Sure, half of the upside past 4% is a lot, but can you imagine any modern hedge fund agreeing to such a fee structure that would expose them to losses? Nope, they get “2+20″, which means 2% of assets no matter what plus 20% of profits, which really encourages them to just swing for the fences. If they implode (which many did recently), they simply pack up and open a new fund down the street.
It’s hard enough these days to find a mutual fund manager where a substantial part of their net worth is invested in the fund they manage.







![Cheap: The High Cost of Discount Culture [Book Review]](http://cdn.mymoneyblog.com/wordpress/wp-content/uploads/2011/08/cheap97.jpg)
May 30th, 2009 at 3:37 pm
It looks like Buffett’s fee structure is more friendly to the participants. Much better than most hedge fund managers.
May 30th, 2009 at 5:18 pm
Show how confidant he is in his investing ability and that his strategy is definitely designed to provide long term value, not short term profits for managers.
May 31st, 2009 at 9:12 am
Just another reason that he is just an admirable guy. Wish there were more fund structured like this today!
May 31st, 2009 at 2:41 pm
Hi Jonathan,
This is totally off topic for this thread, but appropriate for your blog.
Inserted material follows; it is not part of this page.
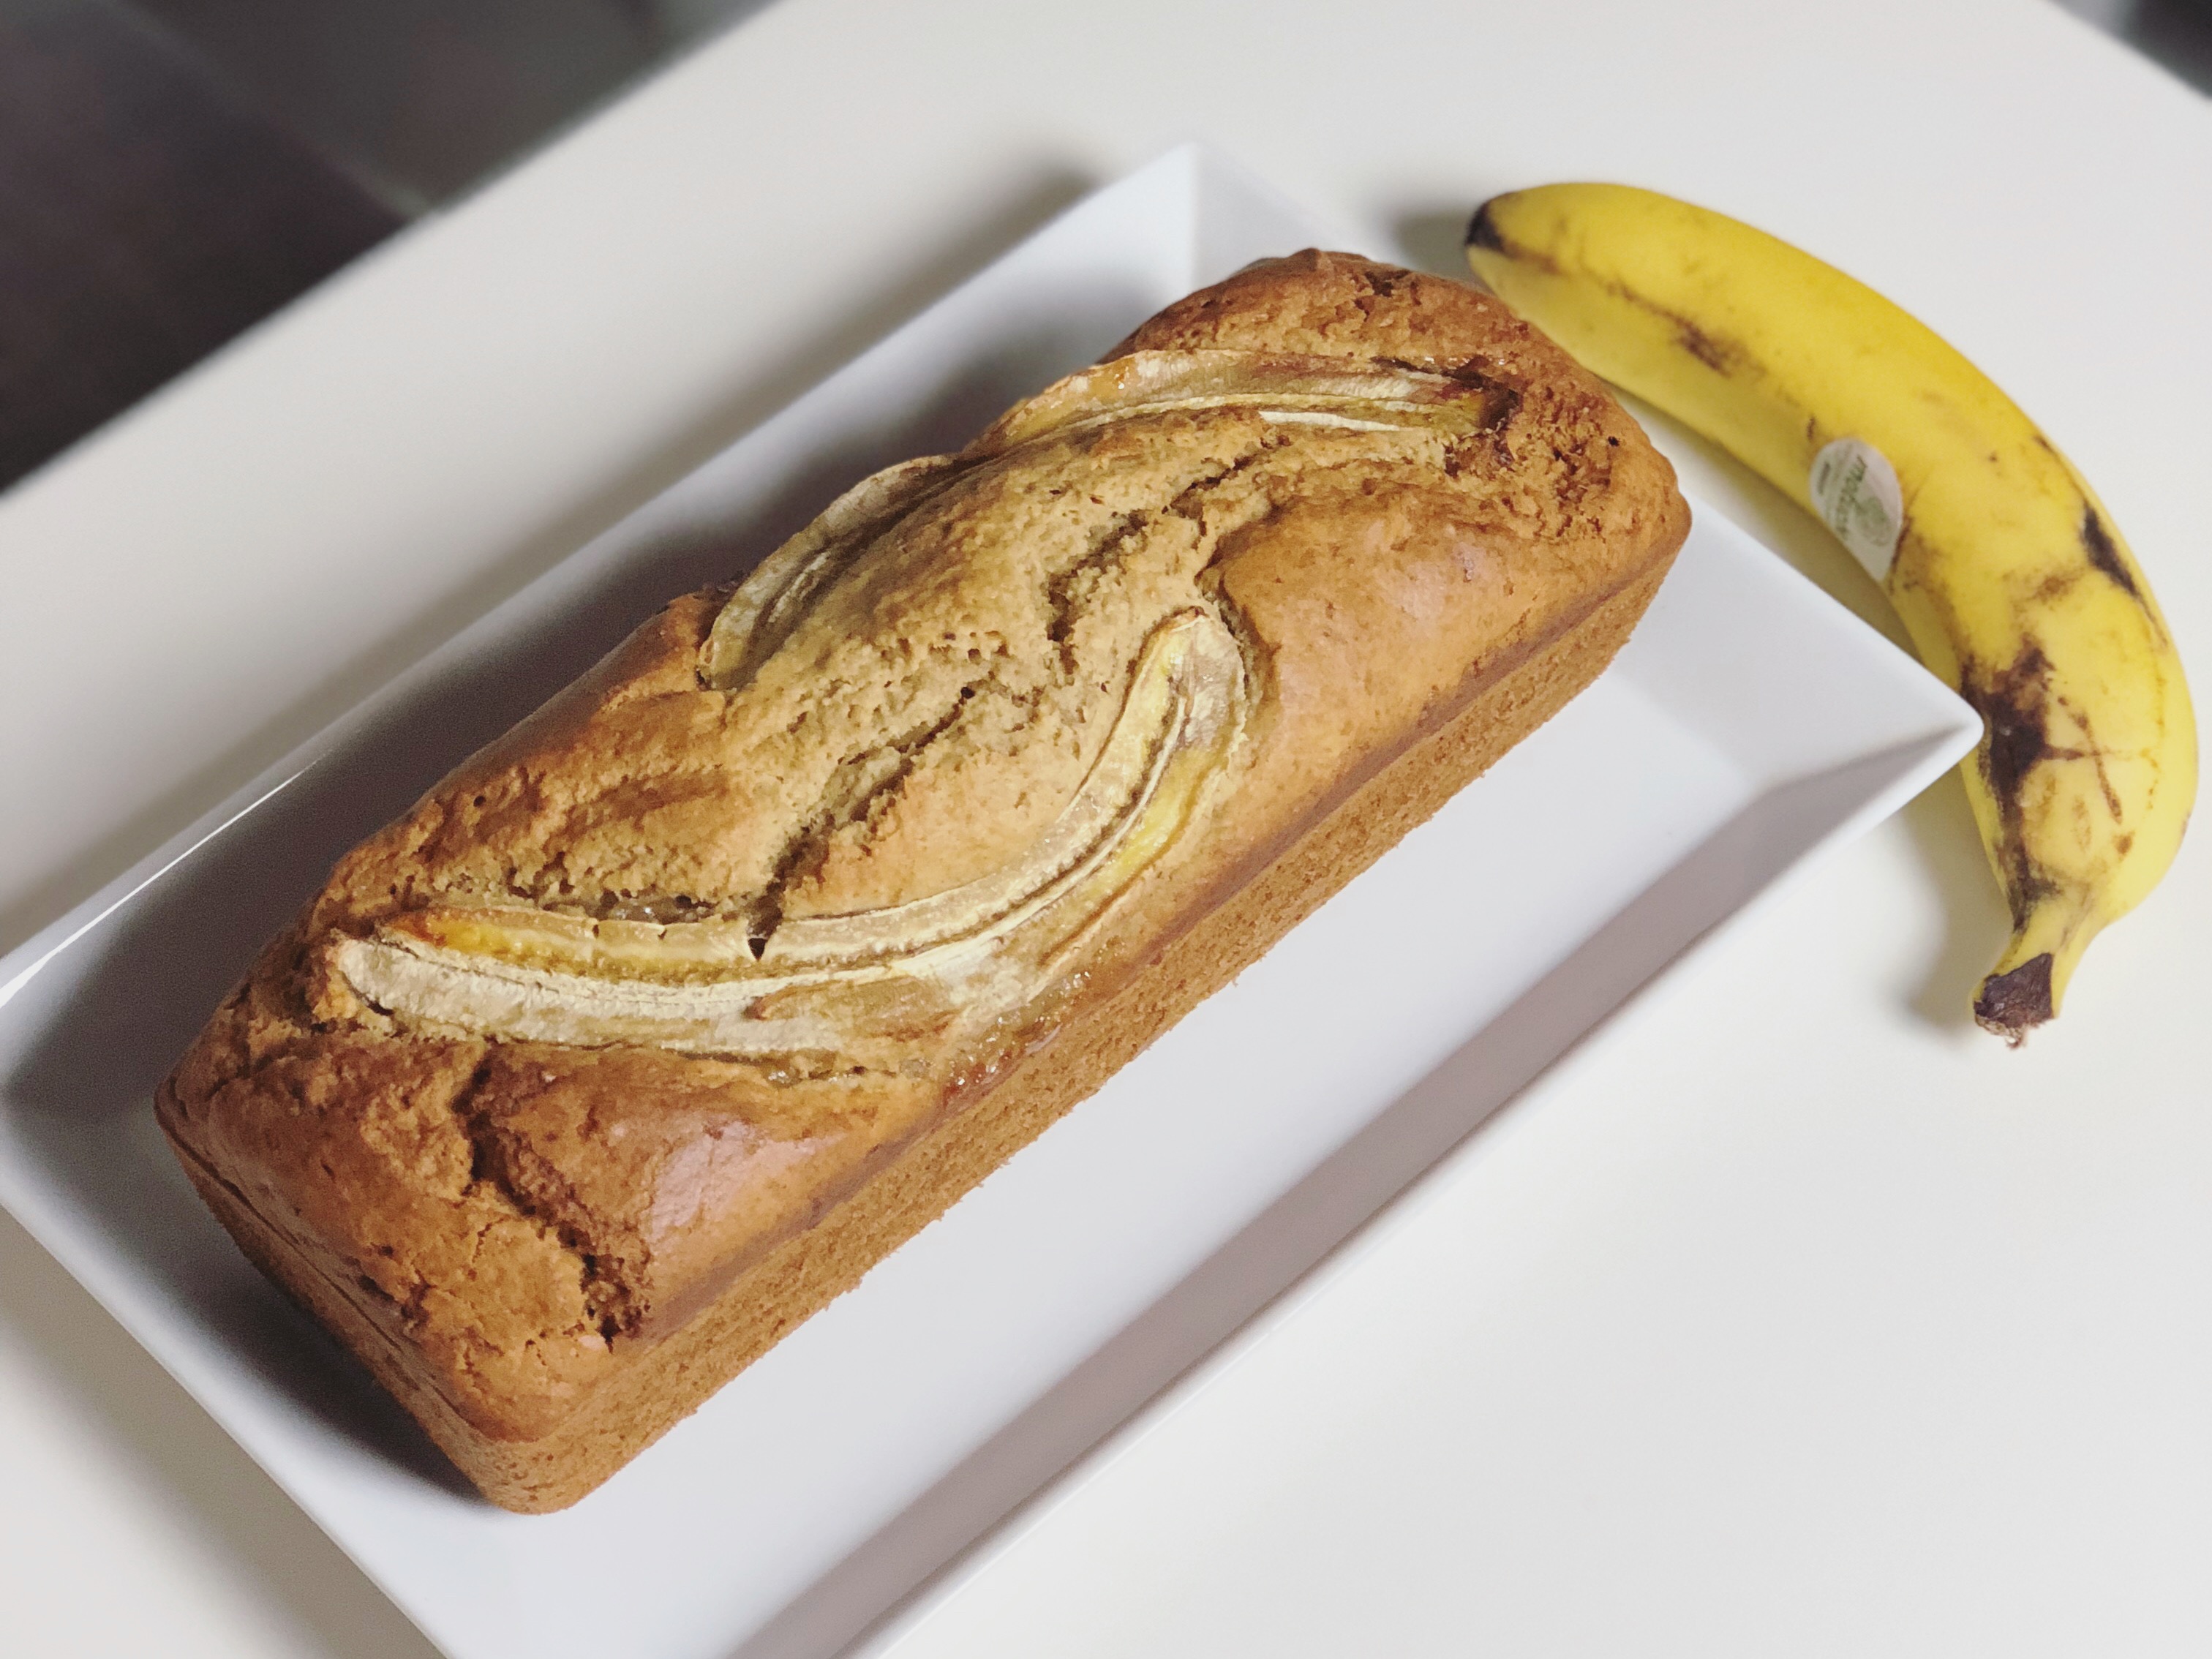 The Banana Bread

I stumbled upon an amazing video in google that I can recommend to you.
Go to google video, and search on “Money as Debt”. I really think it is an excellently produced educational video.
regards
June 1st, 2009 at 10:03 pm
sounds like Buffett was trading futures w/ huge leverage, but he is a great man w/ integrity. he is one of a few CEOs w/ small paychecks – he only makes $100k in 2008, but cares alot about his company. How many CEOs out there do really care about their companies? Are willing to receive much smaller paychecks than they do now? Most of them care more about their personal wealth than company’s success!
June 3rd, 2009 at 4:25 am
Actually the first Buffett partnerships were combined into a single one in the early 1960s. Each of those partnerships had different fee schedules. I am not sure about the losses, but after reading one of the first letters to partners from the 1960s it appears that he didn’t make any management fees until the partnership made 6%, after which he received 25% of the amount above 6%:
http://www.ticonline.com/buffe......07.22.pdf
Buffett could afford to get small fees, as he owned 1/6th of the original Berkshire Partnership. He was also able to purchase stock in Bekrshire Hathaway in the process, through the partnership as well.
I do admire a CEO of a company that has the majority of his/her wealth in their company’s stock. These executives are much more likely to allign their best interests with the best interests of their shareholders.
September 6th, 2009 at 7:05 am
Our firm manages a hedge fund where we participate in 50% of the upside but unlimited guarantee against 100% of any loss. We took Buffett’s incentive plan a step up.
May 8th, 2012 at 11:50 am
@Joe. What firm/fund is that?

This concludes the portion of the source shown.